EXERCISE INSTRUCTIONS:
Please write out the whole listing that follows exactly; the pictures stay out.

DATA PROVIDED:
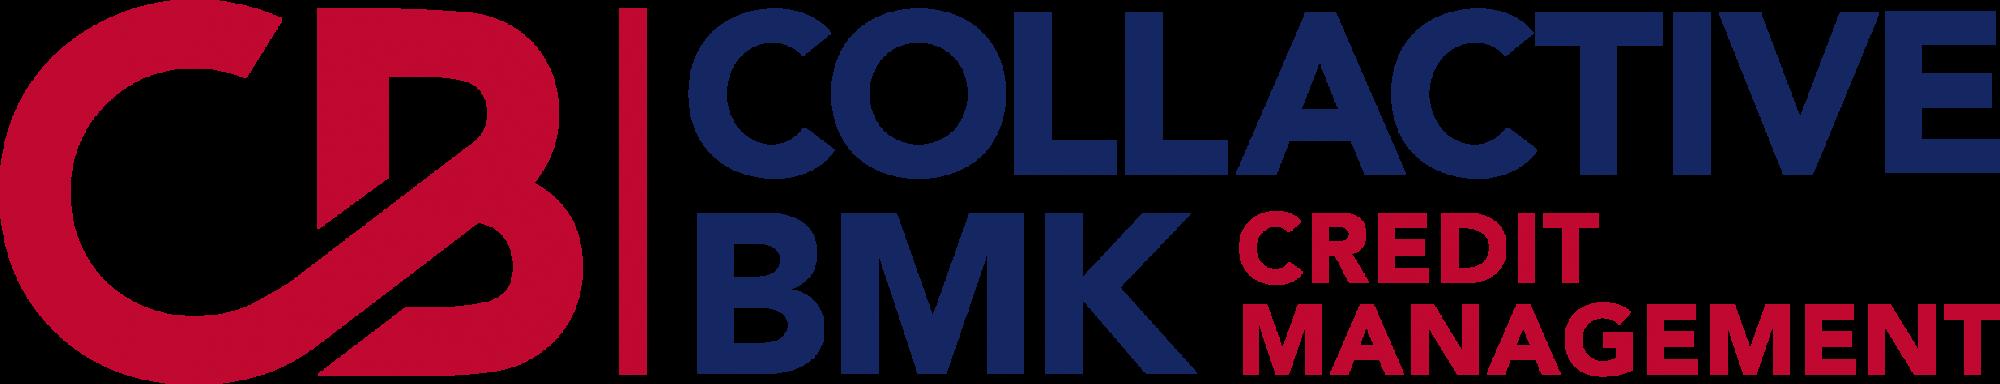 Logo CollactiveBMK RGB.png
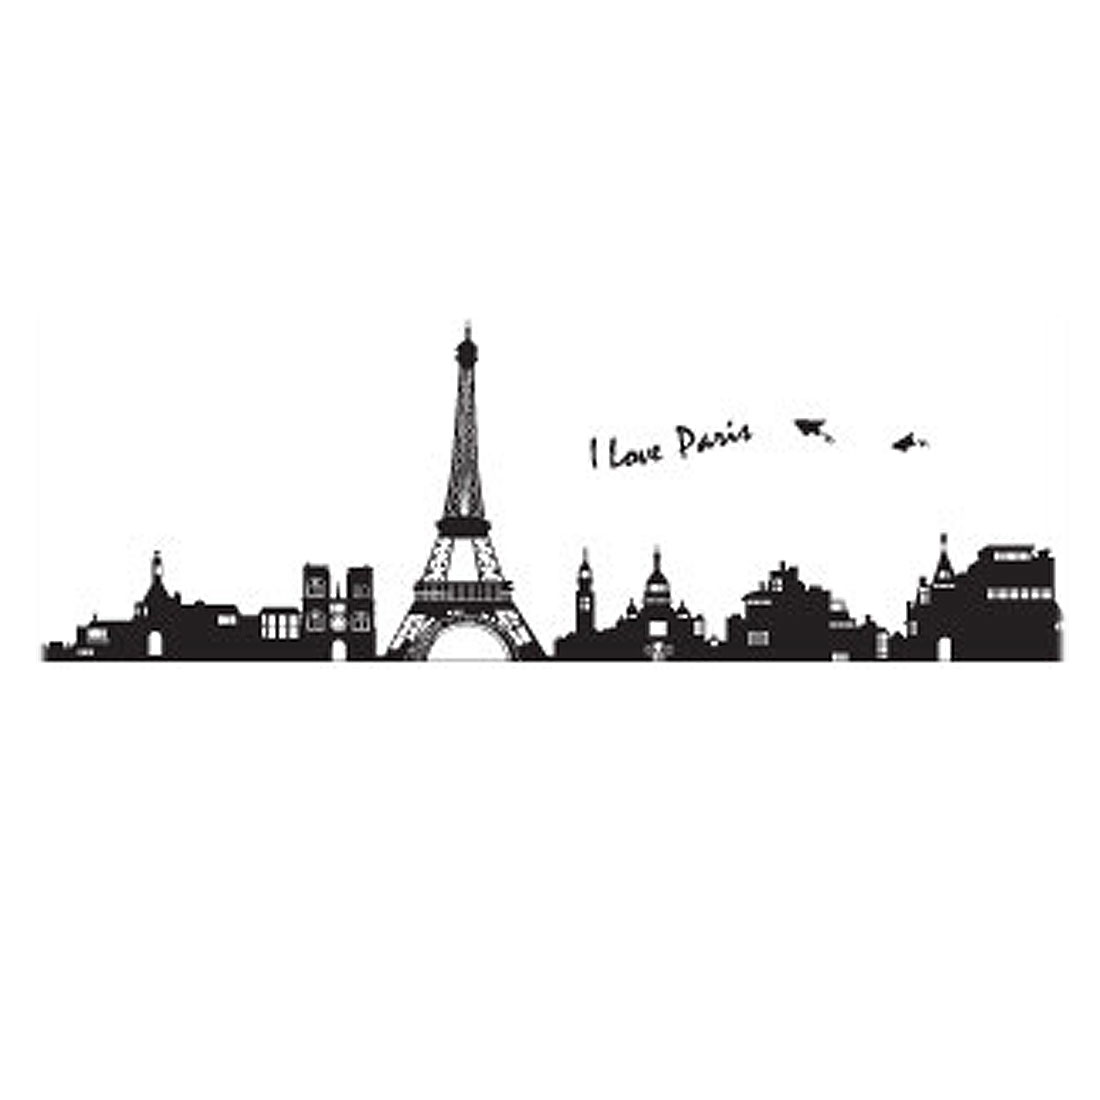 Paris eiffel tower diy home room decal wall decor sticker 60x90cm paris eiffel tower diy home room decal wall decor sticker 60x90cm walmart amipublicfo Gallery
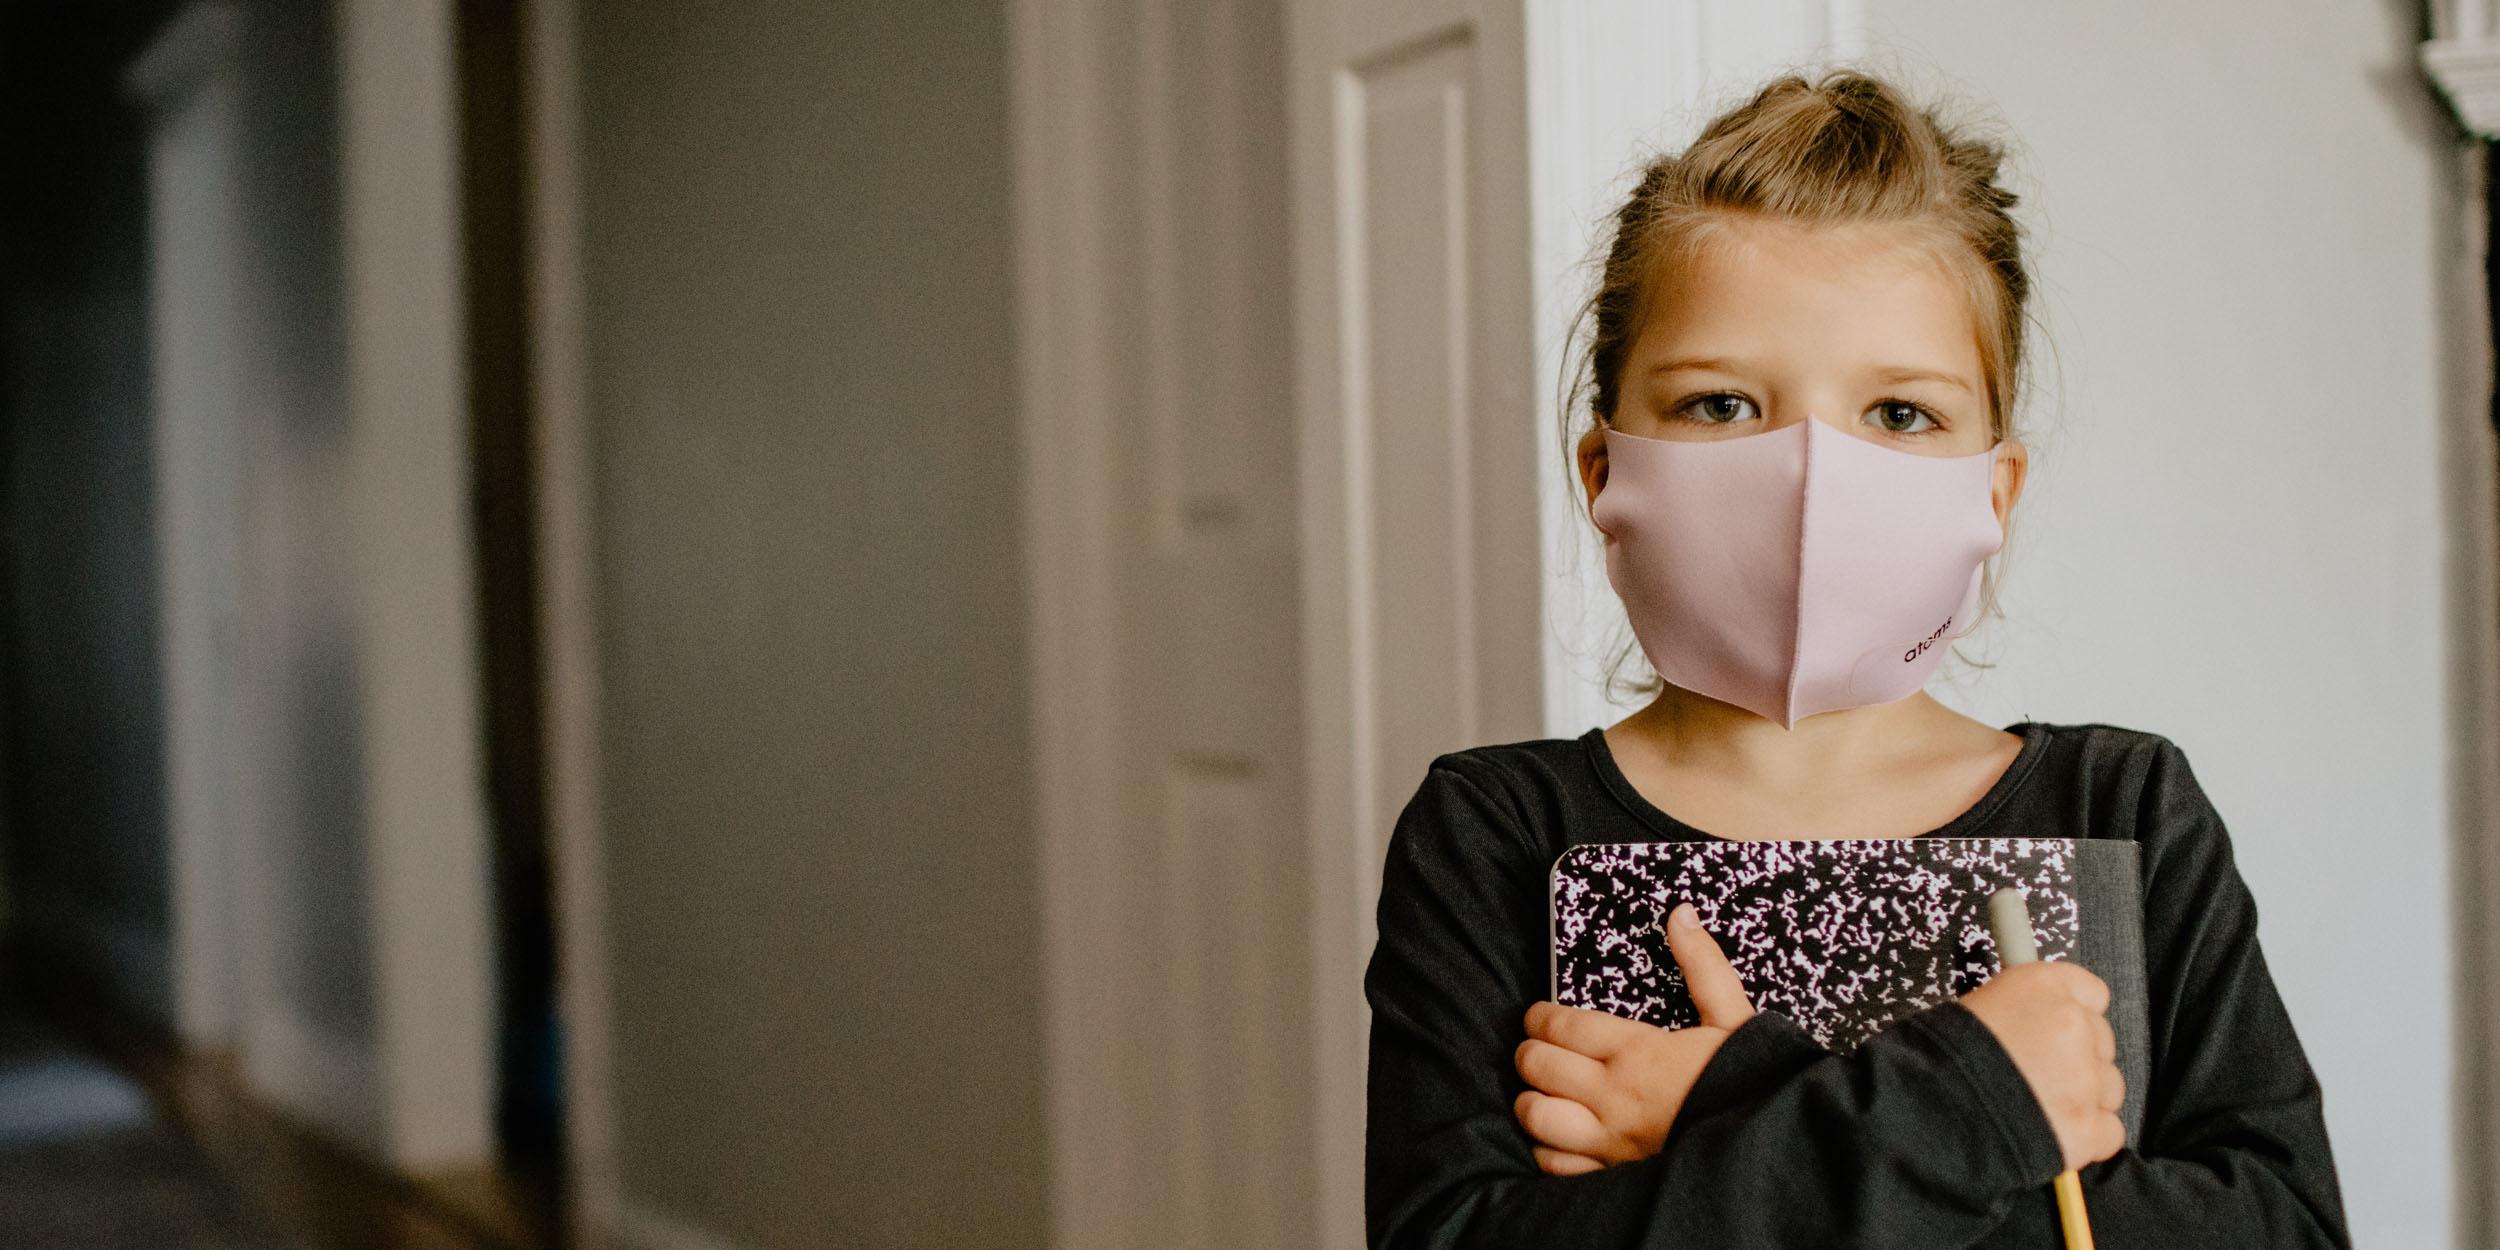 ls models preteen child little girl The Boston Globe

EXERCISE OUTPUT:
 Logo CollactiveBMK RGB.png
 Paris eiffel tower diy home room decal wall decor sticker 60x90cm paris eiffel tower diy home room decal wall decor sticker 60x90cm walmart amipublicfo Gallery
 ls models preteen child little girl The Boston Globe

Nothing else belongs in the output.